SNMP and CLI screen scrapes aren't going to cut it for automation and orchestration. SNMP, even if it were a reliable protocol, doesn't have the access to many of the core switch and router configuration functions needed to automate actions. CLI emulation using something like Expect scripts are OK in some cases, but if you have ever had to maintain them during software upgrades (I have), you will find that they become very brittle over time unless you have a rock-solid testing methodology in place (I didn't). Even SDKs--libraries of language-specific code such as Junos SDK--are losing favor with ISVs and enterprises because they typically limit the languages that applications can be built in.

APIs, specifically RESTful APIs, that allow integration via familiar HTTP request and responses are where networking integration needs to head and is heading. This is something all the vendors are starting to support and are in various stages of implementation of. Arista, Juniper and Extreme are all working on RESTful APIs that customers and independent software vendors can use to integrate their software with the switch vendors' equipment. The power of a robust API is that you can easily--and I do mean easily--access data and execute commands using any programming tools you have on hand. It makes integration and maintenance simple and streamlined.

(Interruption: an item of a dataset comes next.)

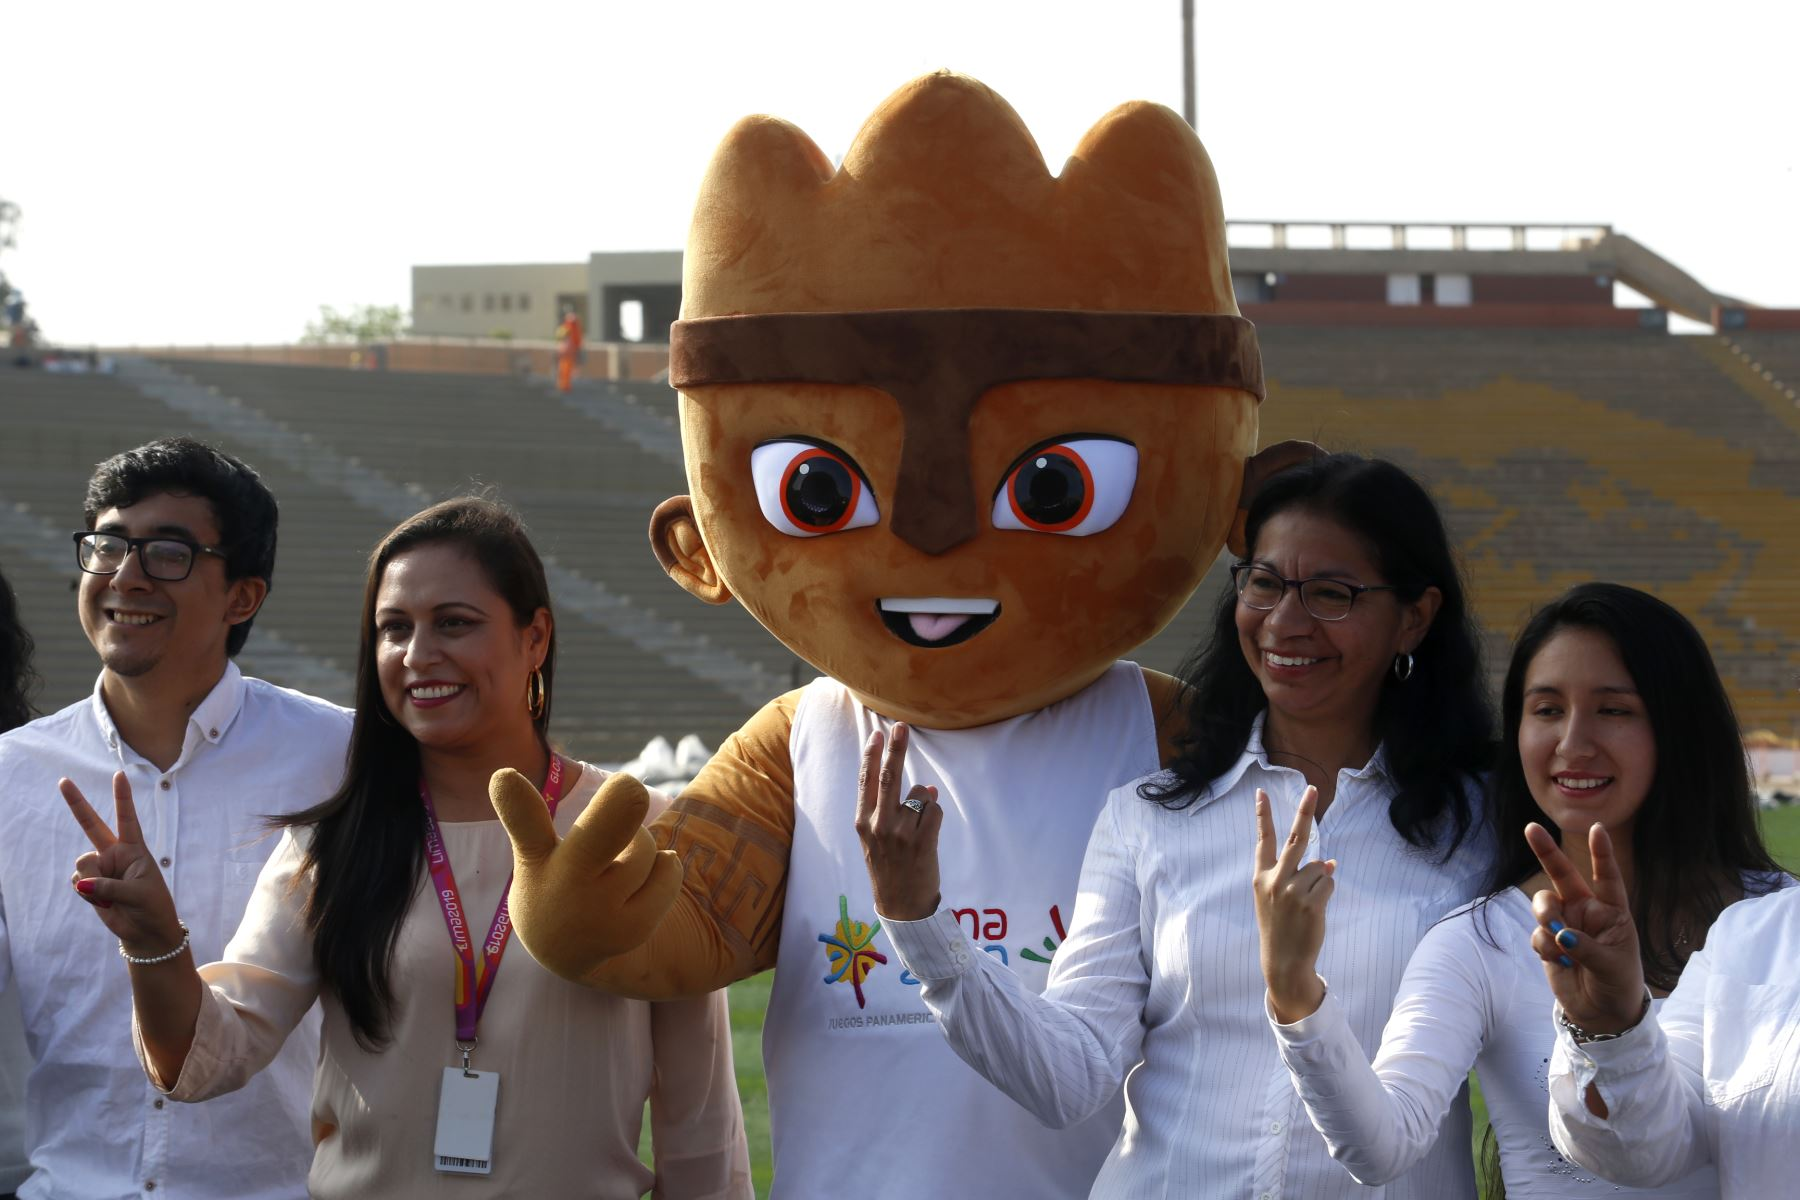 Programa de voluntariado Lima 2019 preparará a 19,000 personas del país y el mundo para que cumplan labores de apoyo en Juegos Panamericanos y Parapanamericanos. ANDINA/Nathalie Sayago

There are three lessons I learned:

1. 100% coverage is required. Many of the APIs in active development may not have coverage of all the features and functions available at the command line. You need to find out how much coverage they have, and if they don't have 100% coverage, when will they? Coverage is important because you can't predict today what you will need tomorrow. Don' t think you will ever need to change a syslog configuration? You probably will at some point, and if you want to automate that, you really want it covered in the API.
2. Vendors have to use their own API. One of the points Juniper's Mike Harding, VP of engineering, Junos Space Business Unit, made during our talk is that he is pushing Juniper's developers to use their own API versus the SDK for new development. His point being that Juniper's developers are demanding, and any issues with the API can be identified, resolved and updated--benefiting everyone. If a vendor doesn't use its own API for its own integration, why would you?
3. Don't be afraid to script on the switch. All three vendors I talked with have on-switch scripting, and there are times when you want to automate atomic actions like port configuration--something Extreme did early on with XOS. Both Arista's and Juniper's scripting support lets you use common languages like Python to perform nearly any task you can perform on the command line.

Lastly, I was tickled once again that Arista uses XMPP and a management protocol for multiple switches. XMPP provides multiunit access over SSL with access control and audit logging. It may sound silly at first to IM your switch, but when you see it in action, you get it.

Disclaimer: I traveled on my company's dime. Juniper bought me lunch, for about $9. Arista gave me a paper notebook and pen. Juniper, not to be outdone, took my Arista pen and gave me one of its pens. When Extreme's Shehzad Merchant saw my booty, he bolted from the room, returning with a purple pen. He did not have a purple notebook for me, however.